### TASK REQUIREMENTS
With pictures left out, output exactly the lines from the line holding "(13) Det følger" through the end of the data, both included.

### DATASET EXTRACT
────────────────

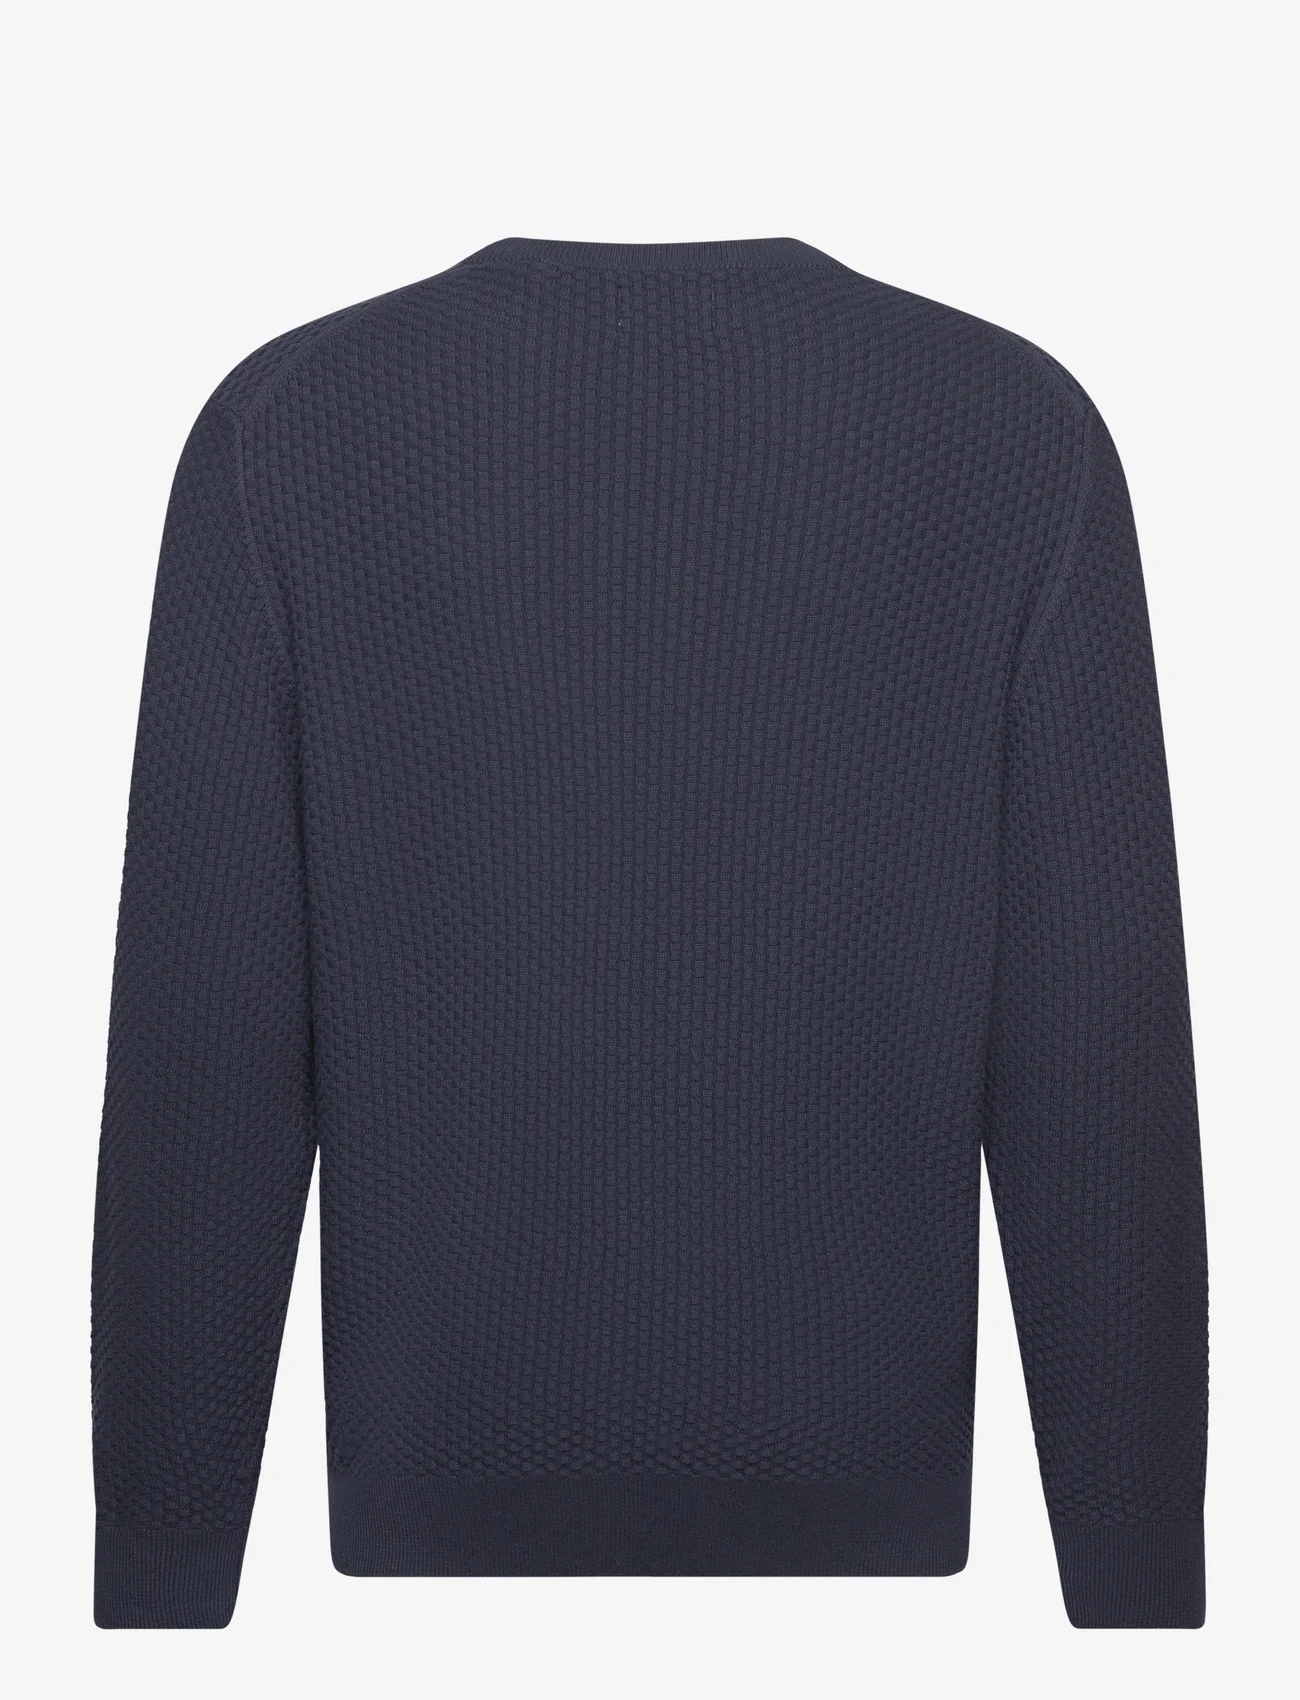 GANT - COTTON TEXTURE C-NECK - knitted round necks - evening blue - 1
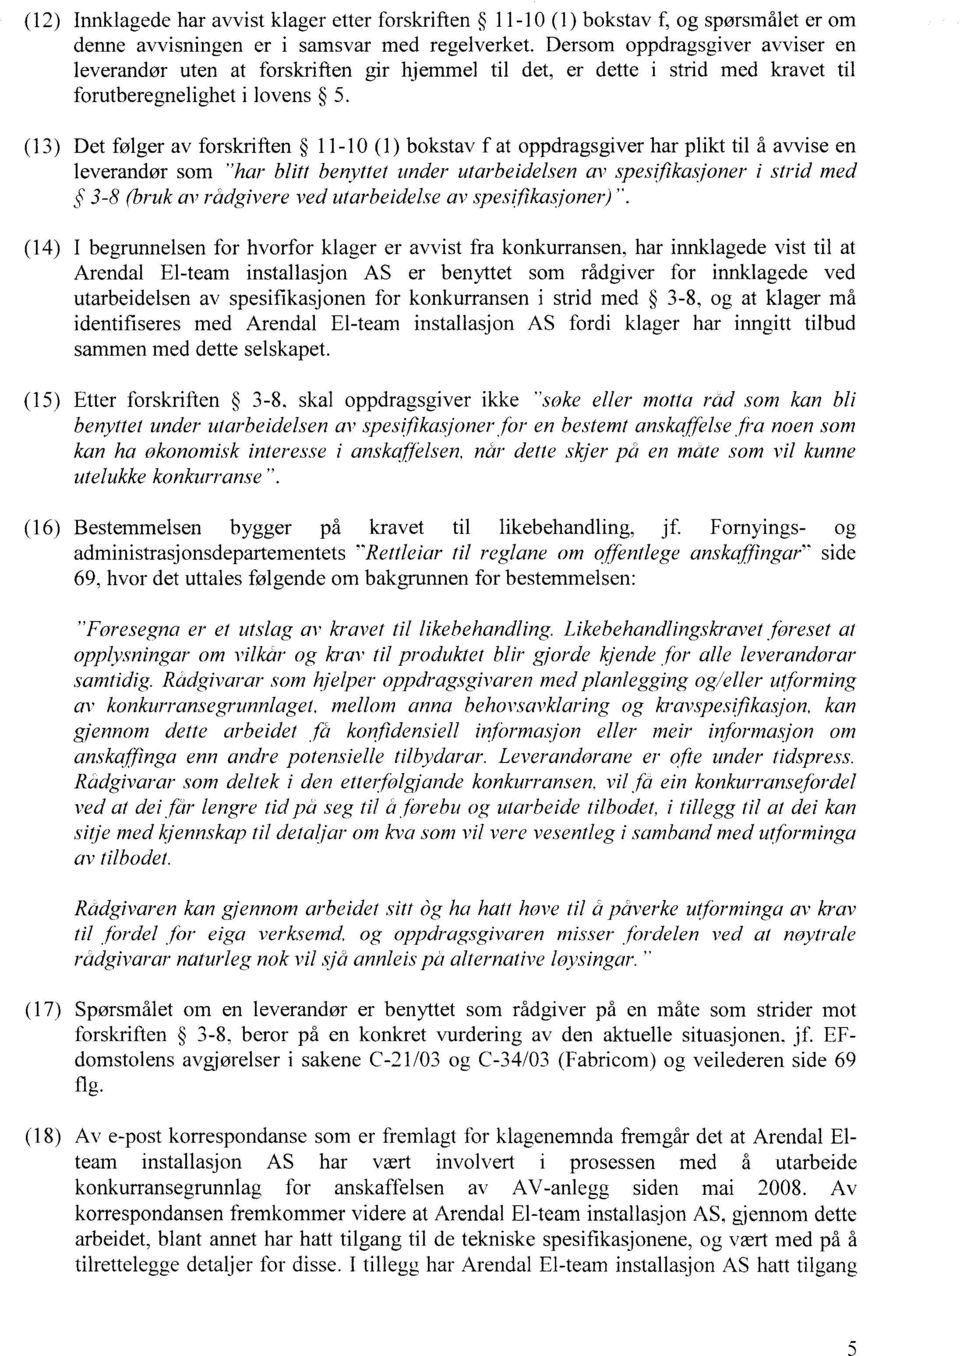 (13) Det følger av forskriften 11-10 (1) bokstav f at oppdragsgiver har plikt til å avvise en leverandør som "har blitt benyttel under utarbeidelsen av spesifikasjoner i strid med 3-8 (bruk av
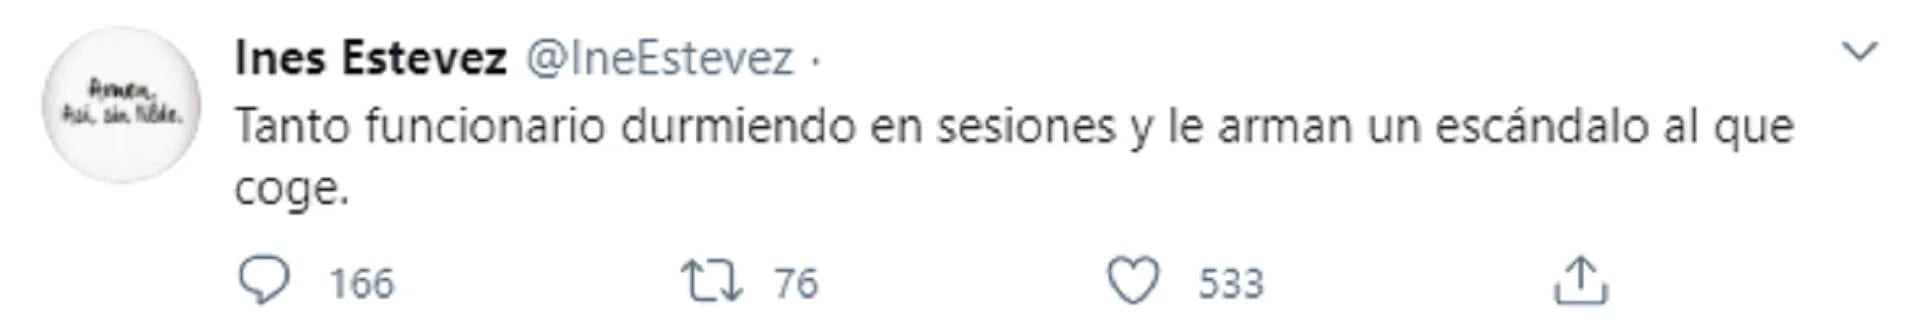 El tuit de Inés Estevez

────────────────

### REPLY TO THE EXERCISE
 (13) Det følger av forskriften 11-10 (1) bokstav f at oppdragsgiver har plikt til å avvise en leverandør som "har blitt benyttel under utarbeidelsen av spesifikasjoner i strid med 3-8 (bruk av
 El tuit de Inés Estevez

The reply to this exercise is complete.